Geplante Umbenennung kommt nichtKölner Verwaltung schafft den "Spielplatz" doch nicht ab

Die Stadt Köln verzichtet auf die amtliche Umbenennung von Spielplätzen zu sogenannten "Spiel- und Aktionsflächen". Mit einem vermeintlichen Inklusionsgedanken wollte die Behörde den Begriff abschaffen. Ein neues Schild beendet den Sandkastenstreit.
Im vergangenen Jahr sorgte die geplante Abschaffung des Wortes "Spielplatz" auf Spielplatz-Schildern in Köln für Debatten - und viel Kopfschütteln. Die hitzig diskutierte Umbenennung der Anlagen zu "Spiel- und Aktionsflächen" ist nun offiziell vom Tisch, wie aus einer städtischen Mitteilung hervorgeht.
"An der Bezeichnung Spielplatz wird weiterhin festgehalten", heißt es in dem Schreiben, das vom Beigeordneten für Bildung, Jugend und Sport der Stadt, Robert Voigtsberger, unterzeichnet ist. Ein neues Design mit der klassischen Aufschrift "Spielplatz" ist dem behördlichen Dokument angehängt.
Im Sommer 2025 löste ein vermeintlich kleiner Verwaltungsvorgang in Köln eine hitzige Diskussion aus - inklusive Spott über die Stadtgrenzen der Domstadt hinaus. Der Komiker Guido Cantz etwa bezeichnete seine Heimat als "Hauptstadt der Bekloppten".

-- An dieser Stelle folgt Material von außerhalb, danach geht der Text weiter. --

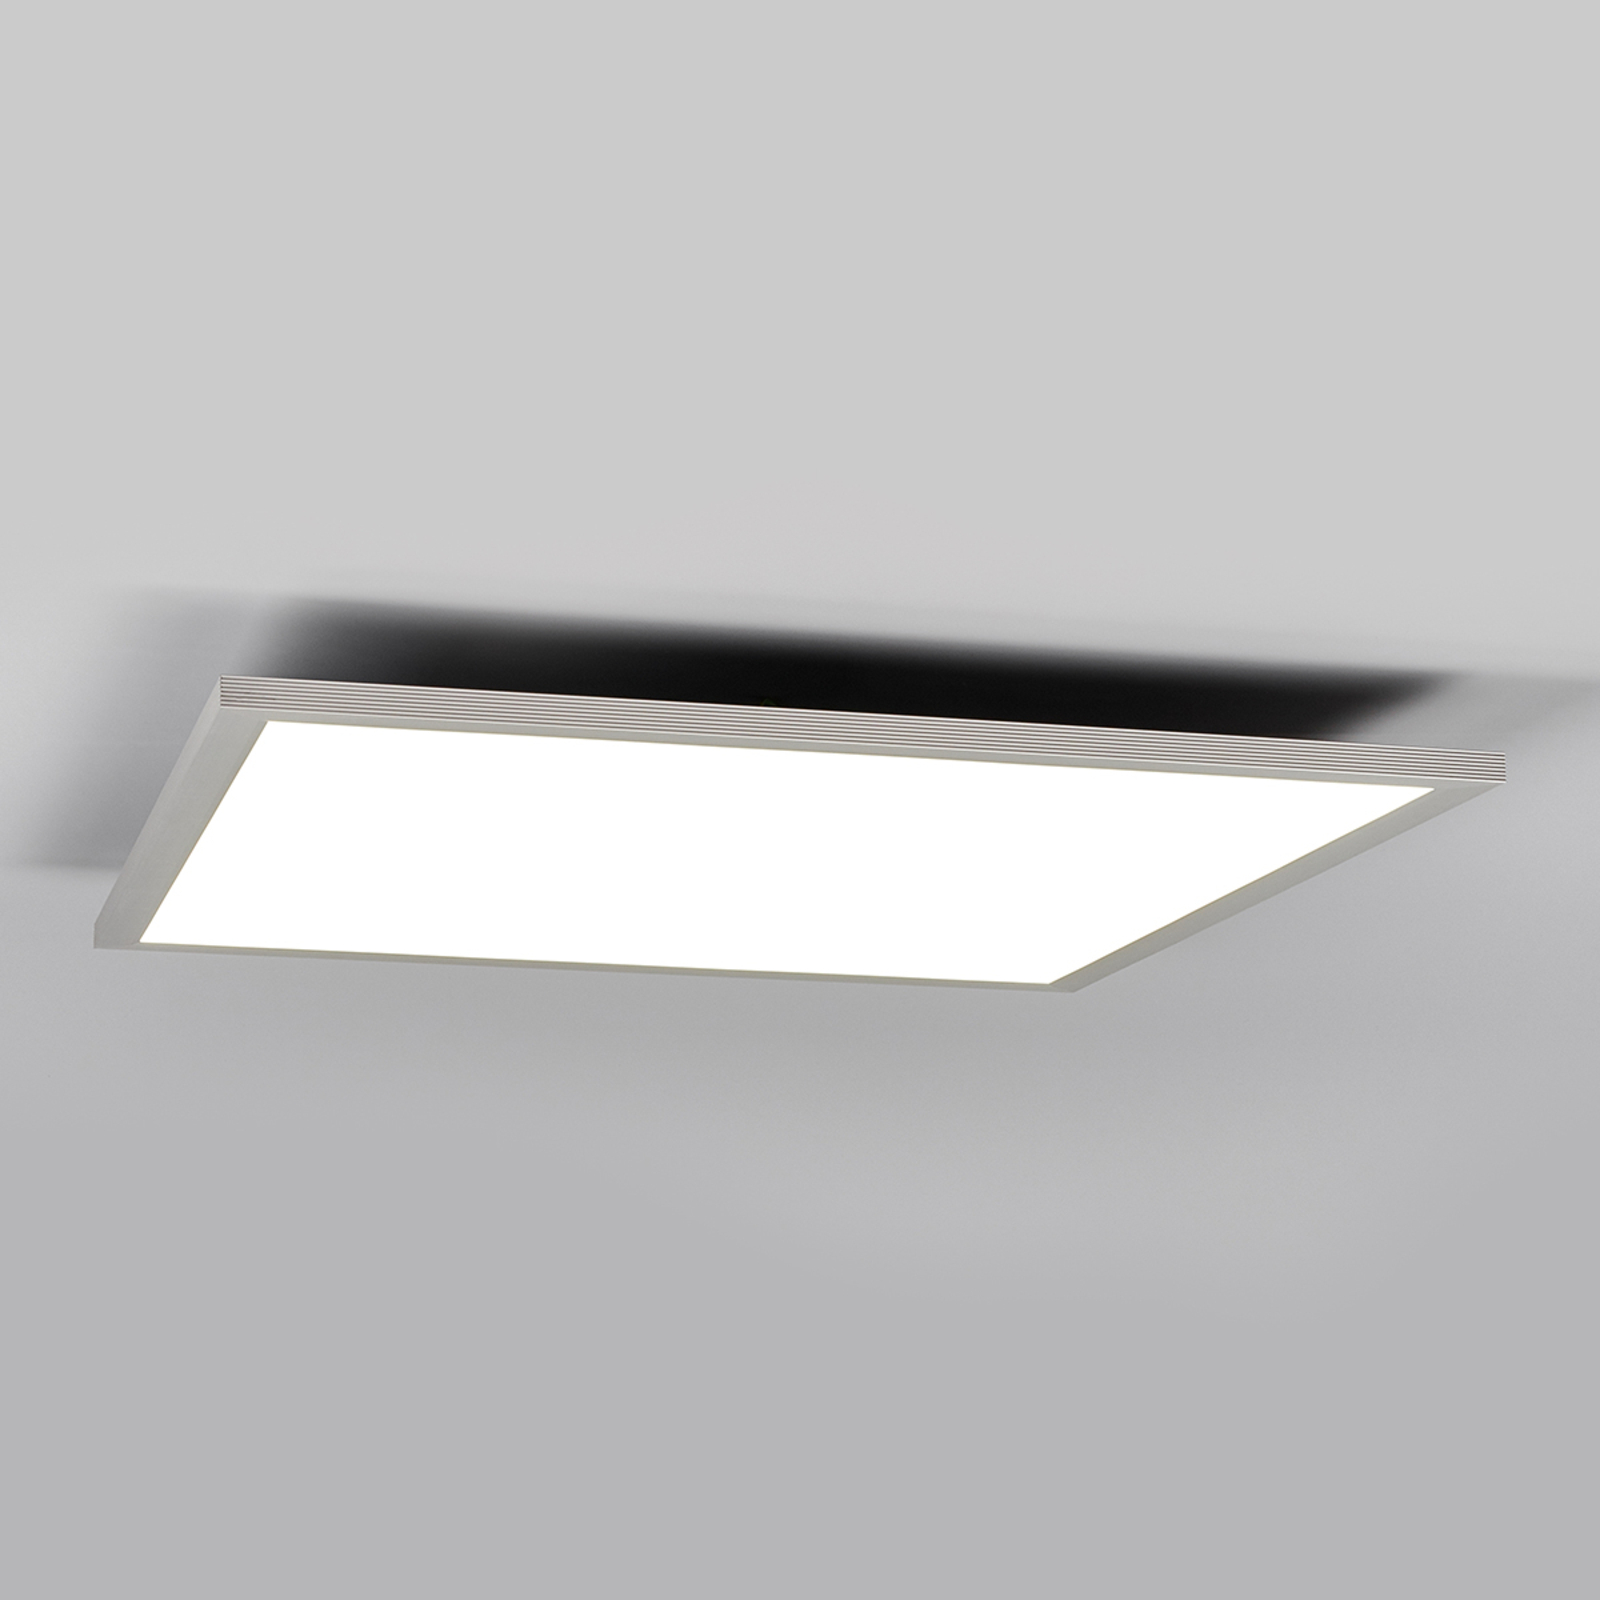 LED-panel 62x62 40w 3600lm plafón cálido/neutral rejilla blanco manta cri > 90 ra

Kritiker sehen in "Spielplatz" eingrenzenden Begriff
Die Kölner Verwaltung hatte im vergangenen Sommer ein neues Design für die Schilder an den mehr als 700 Spielplätzen der Stadt präsentiert. Auf das Wort "Spielplatz" wurde in dem Entwurf dabei bewusst verzichtet - man wolle "dem erweiterten Inklusionsgedanken" Rechnung tragen, hieß es zur Begründung. Bei "Spielplatz" handle es sich demnach um einen "eingrenzenden Begriff". Auf neuen Spielplatz-Schildern sollte in der Millionenmetropole daher nur noch der Begriff "Spiel- und Aktionsfläche" stehen.
Fast zwei Jahre zuvor hatte der Kölner Jugendhilfeausschuss die städtische Verwaltung beauftragt, gemeinsam mit Kindern und Jugendlichen ein neues Spielplatzschild zu entwickeln. Zur Begründung hieß es dort, dass Spielplätze für Kinder, aber auch für Jugendliche da seien. Die veralteten Kölner Schilder suggerierten angeblich, dass Jugendliche sie nicht nutzen dürften.
Als der Sandkastenstreit um die "Spiel- und Aktionsfläche" sogar bundesweit Schlagzeilen machte, griff die damalige Kölner Oberbürgermeisterin Henriette Reker ein. Die parteilose Politikerin bremste das Vorhaben aus. Sie persönlich halte die Bezeichnung "Spielplatz" für klar und verständlich, teilte sie mit. Mittlerweile ist ihr Nachfolger Thorsten Burmester von der SPD im Amt.
Das neue Schild greift das Design auf, das gemeinsam mit Kindern und Jugendlichen entwickelt wurde. Zugleich steht nun aber doch "Spielplatz" darüber - und nicht mehr "Spiel- und Aktionsfläche". Dieses modernisierte Design soll künftig für neue Spielplätze verwendet werden - oder beim Austausch beschädigter alter Schilder. Nach Angaben der Kölner Stadtverwaltung ist damit endgültig geklärt, wie Spielplätze in Köln künftig offiziell heißen.